MIT scientists, including those of Indian origin, have developed a new system that allows robots to understand voice commands just like artificial intelligence (AI) assistants such as Siri and Alexa. Currently robots are very limited in what they can do. Their inability to understand the nuances of human language makes them mostly useless for more complicated requests.
For example, if you put a specific tool in a toolbox and ask a robot to “pick it up,” it would be completely lost. Picking it up means being able to see and identify objects, understand commands, recognise that the “it” in question is the tool you put down, go back in time to remember the moment when you put down the tool, and distinguish the tool you put down from other ones of similar shapes and sizes.
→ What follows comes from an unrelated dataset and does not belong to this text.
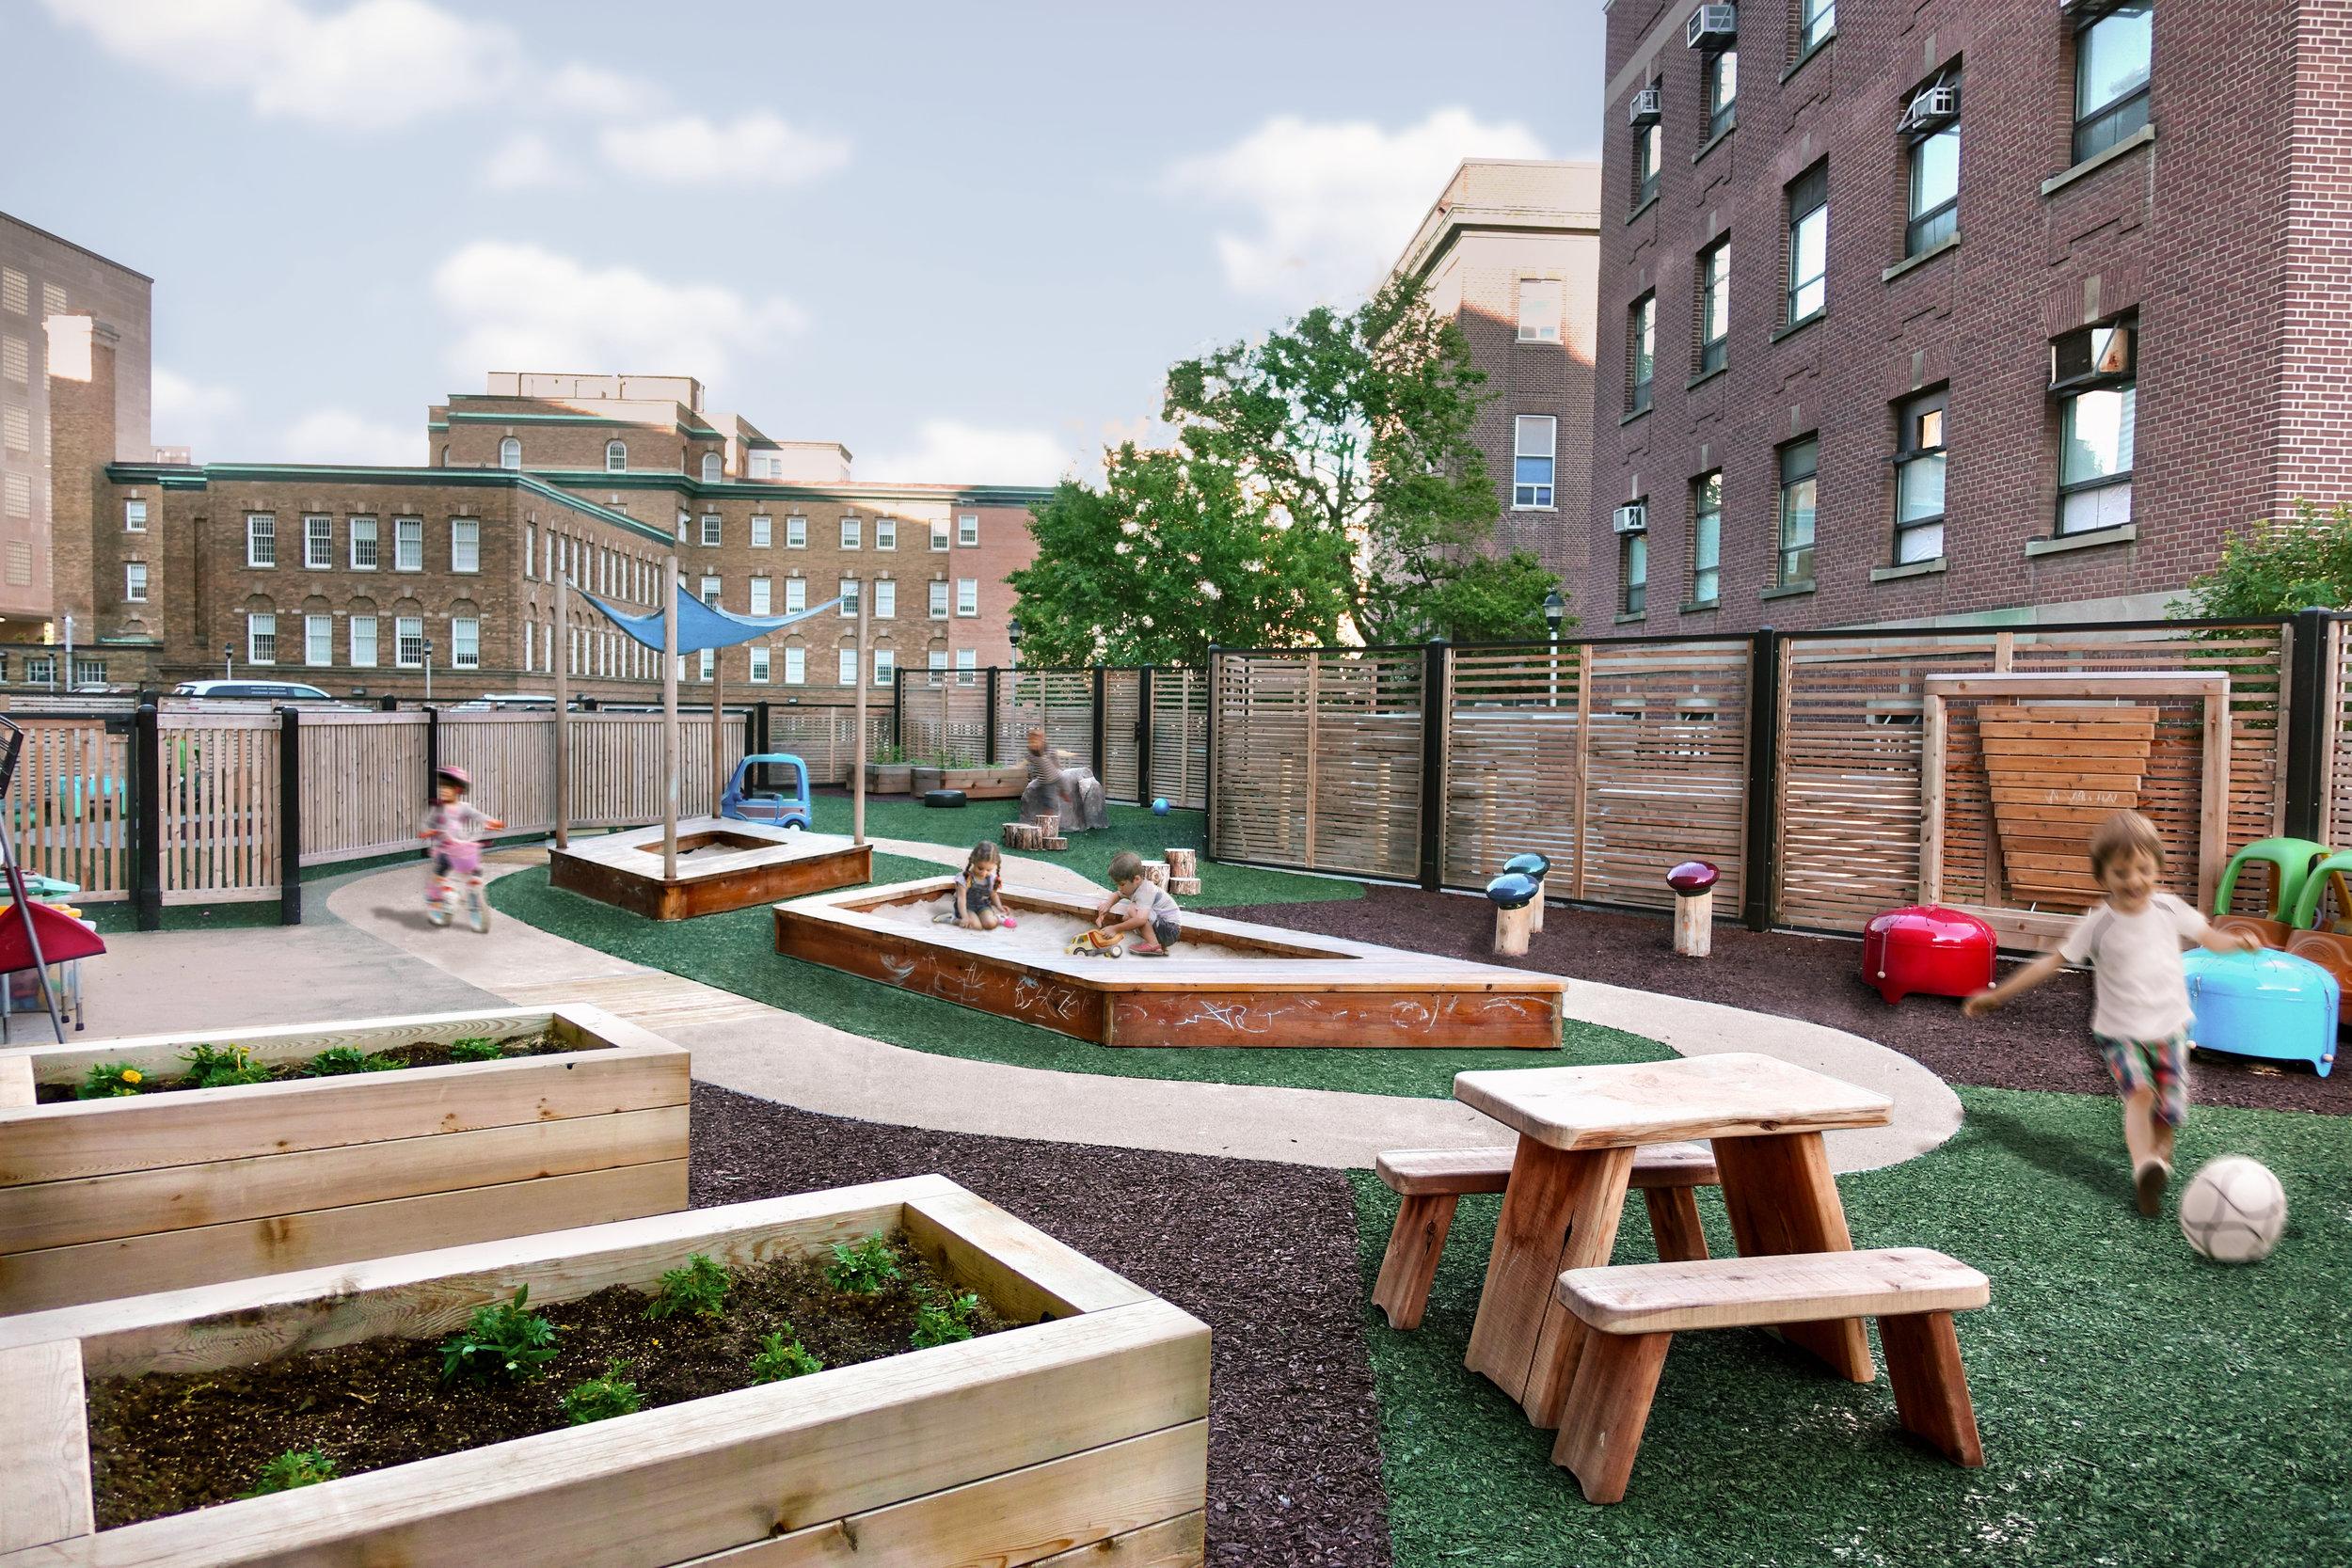 Canada Toronto daycare childcare design Queenspark playground.jpg

Researchers from Massachusetts Institute of Technology (MIT) have gotten closer to making this type of request easier. They have developed an Alexa-like system “ComText” – for “commands in context” – that allows robots to understand a wide range of commands that require contextual knowledge about objects and their environments.
“Where humans understand the world as a collection of objects and people and abstract concepts, machines view it as pixels, point-clouds, and 3D maps generated from sensors,” said Rohan Paul, “This semantic gap means that, for robots to understand what we want them to do, they need a much richer representation of what we do and say,” Paul said.
The team tested ComText on a two-armed humanoid robot Baxter. ComText can observe a range of visuals and natural language to learm about an object’s size, shape, position, type and even if it belongs to somebody. From this knowledge base, it can then reason, infer meaning and respond to commands.
“The main contribution is this idea that robots should have different kinds of memory, just like people,” said Barbu. With ComText, Baxter was successful in executing the right command about 90 per cent of the time. In the future, the team hopes to enable robots to understand more complicated information, such as multi-step commands, the intent of actions, and using properties about objects to interact with them more naturally.
By creating much less constrained interactions, this line of research could enable better communications for a range of
robotic systems, from self-driving cars to household helpers. “This work is a nice step towards building robots that can interact much more naturally with people,” said Luke Zettlemoyer, an associate professor at the University of Washington in the US, who was not involved in the research.
“In particular, it will help robots better understand the names that are used to identify objects in the world, and interpret instructions that use those names to better do what users ask,” Zettlemoyer said.